**** Source material
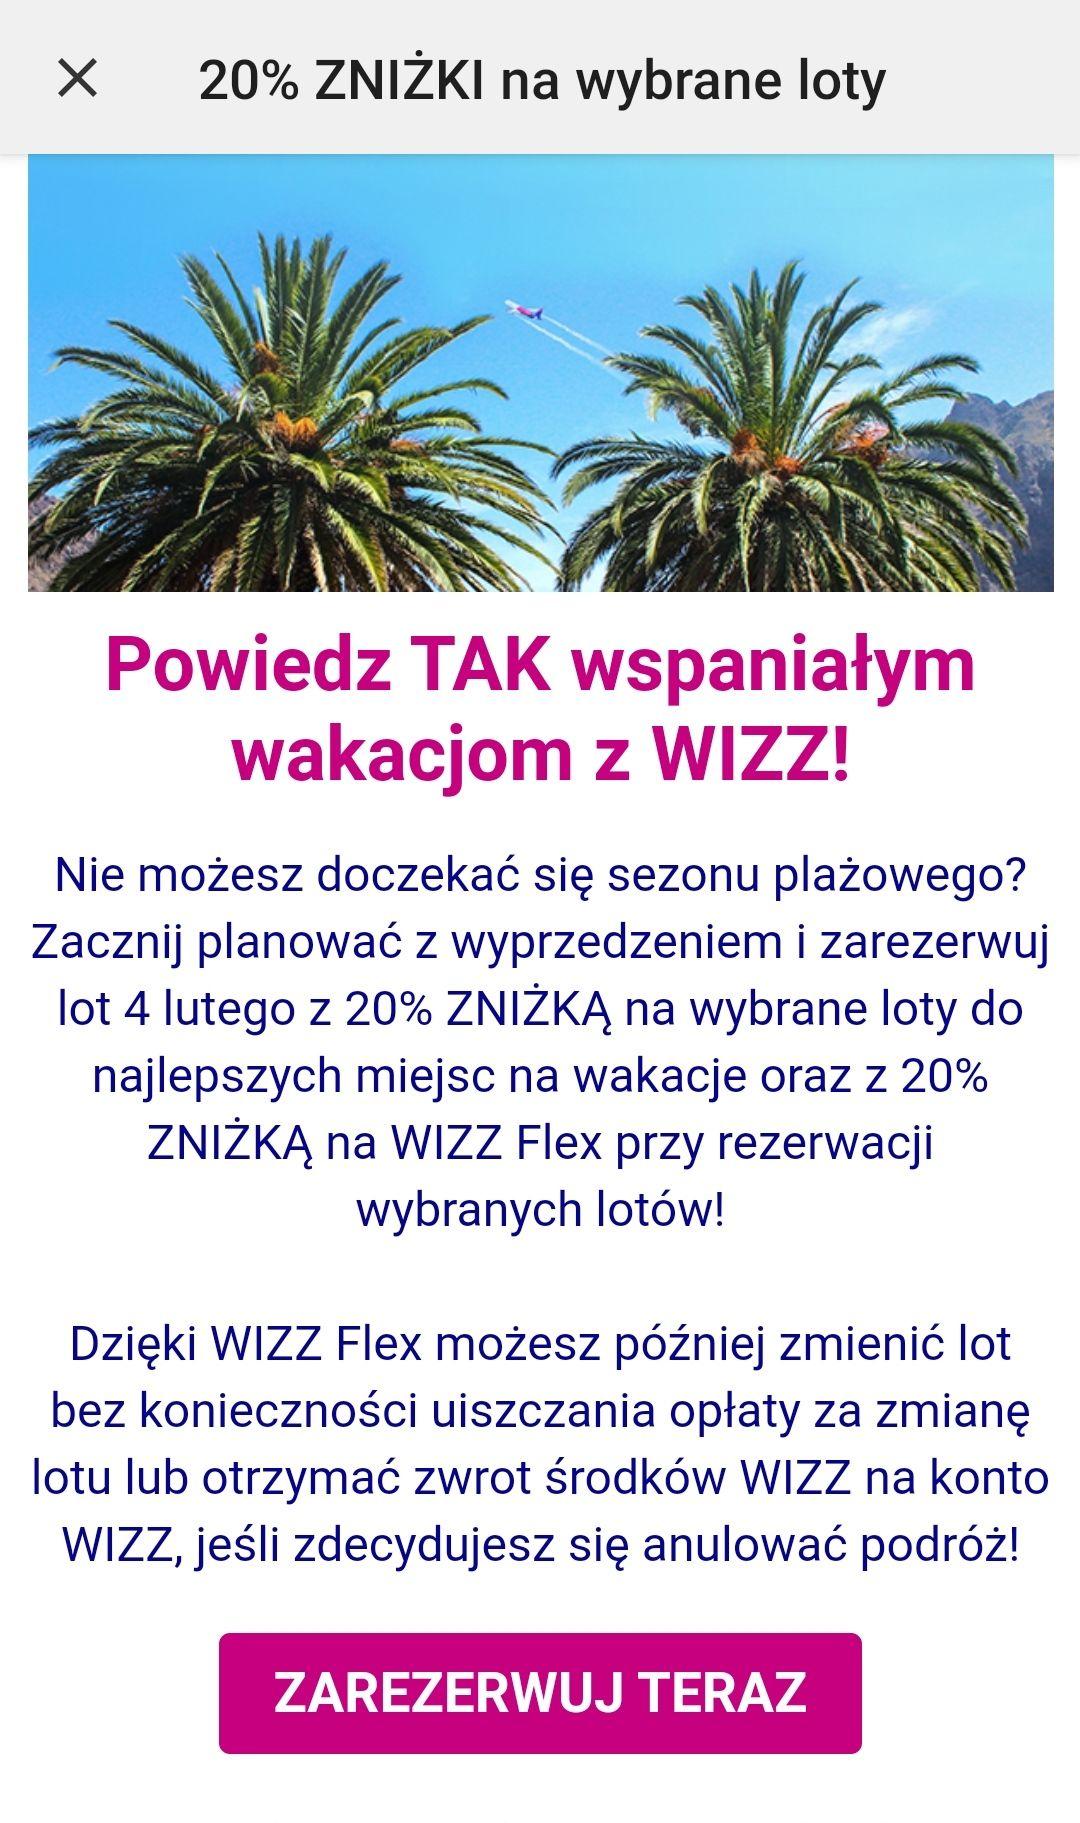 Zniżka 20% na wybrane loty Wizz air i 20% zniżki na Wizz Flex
********
**** Source material
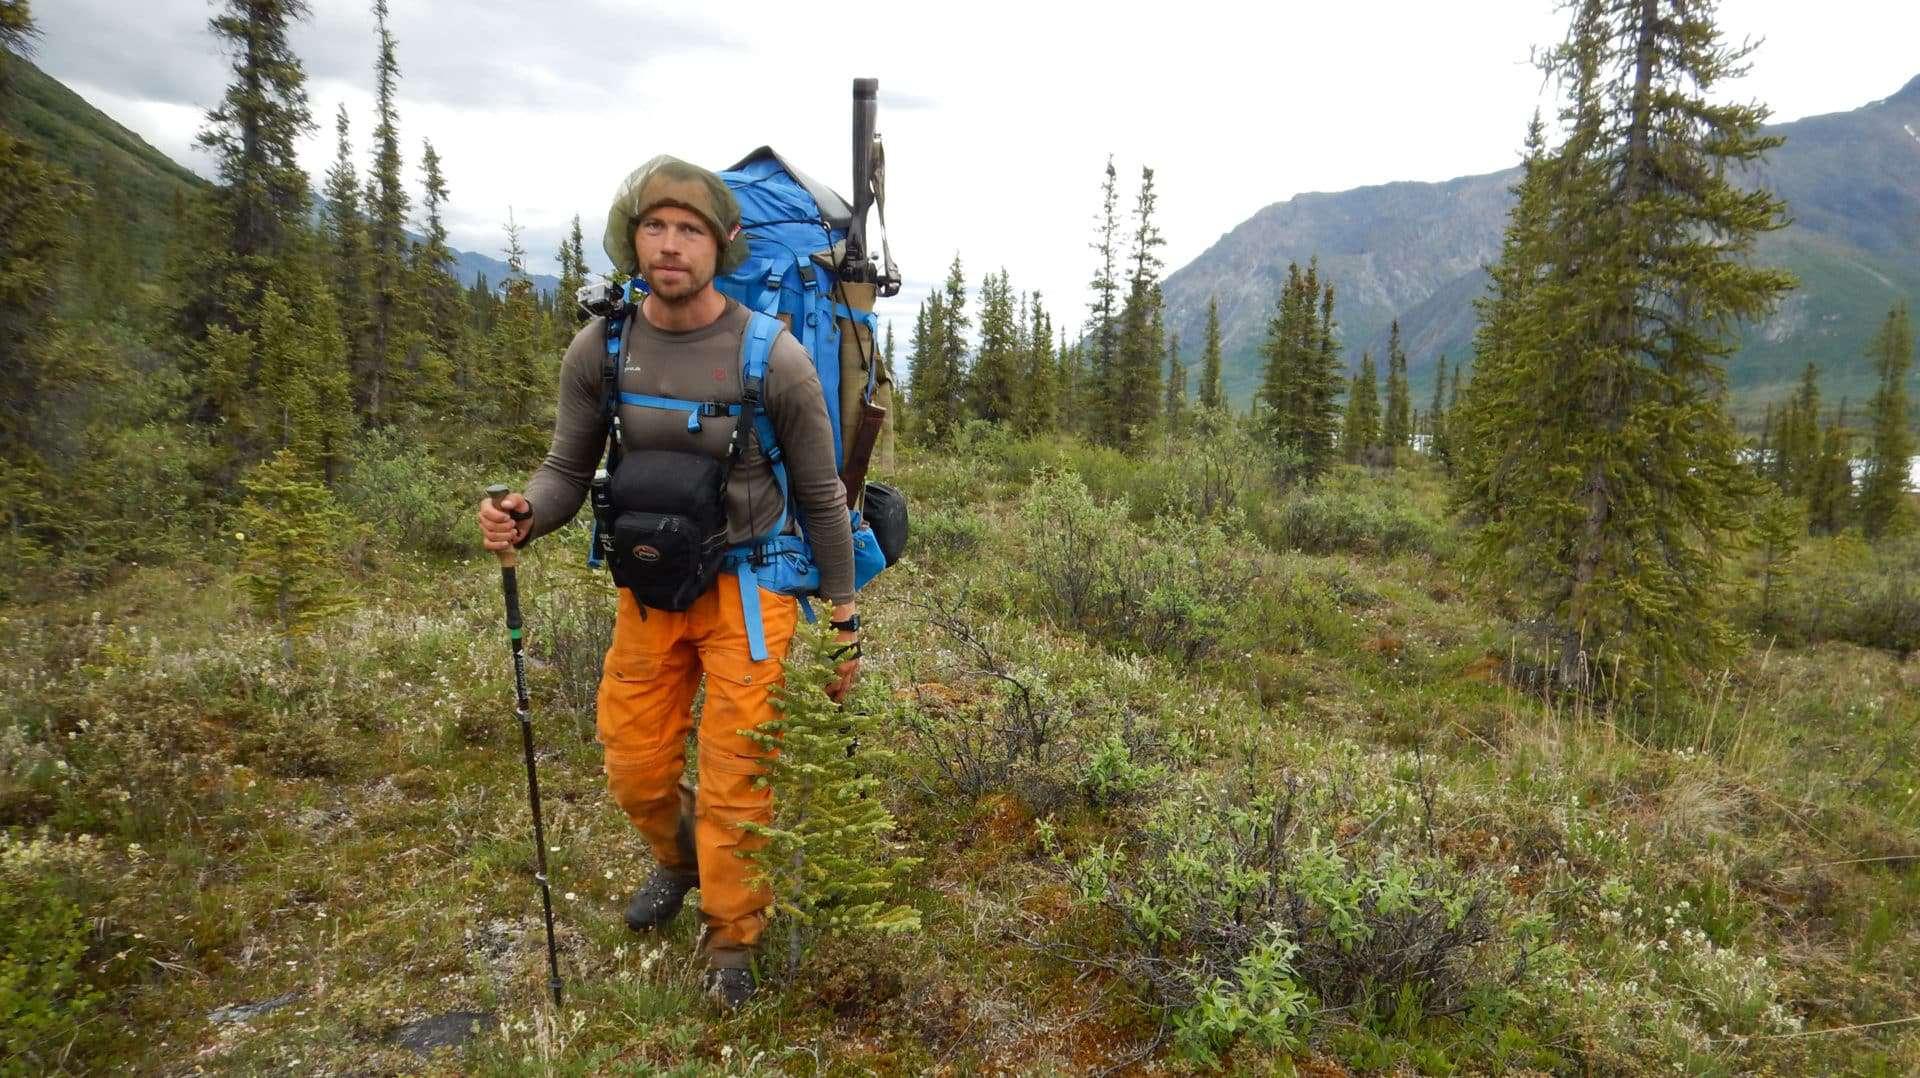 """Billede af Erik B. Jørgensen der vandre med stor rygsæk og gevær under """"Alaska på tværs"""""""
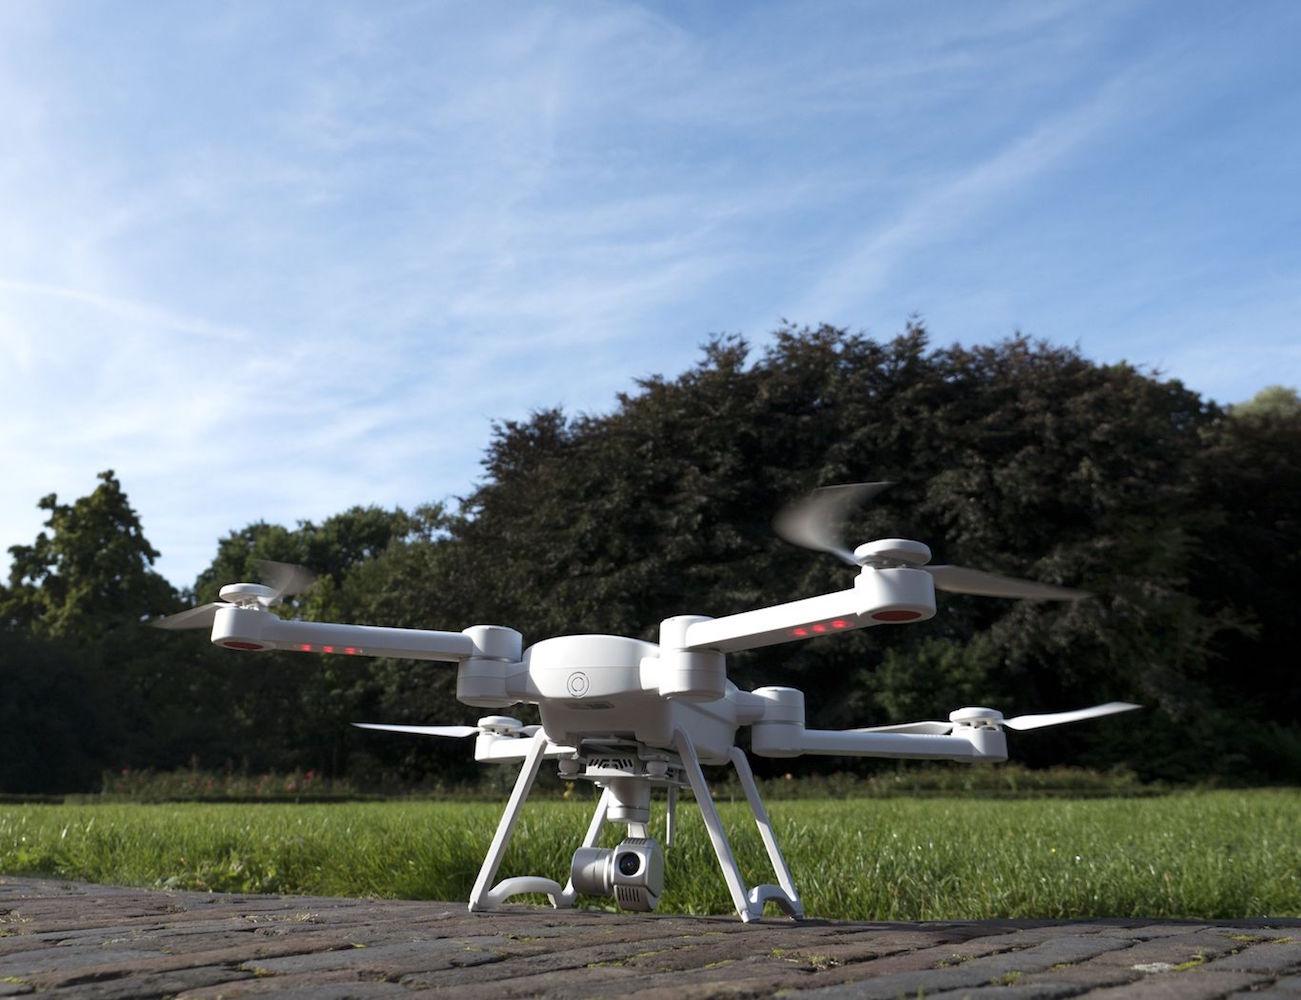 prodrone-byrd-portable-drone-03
********
Directions -
Above are the records; copy from them only the lines starting at the one containing "Erik B. Jørgensen" and ending at the one containing "prodrone-byrd-portable-drone-03", exactly and without pictures.

Your solution -
 """Billede af Erik B. Jørgensen der vandre med stor rygsæk og gevær under """"Alaska på tværs"""""""
 prodrone-byrd-portable-drone-03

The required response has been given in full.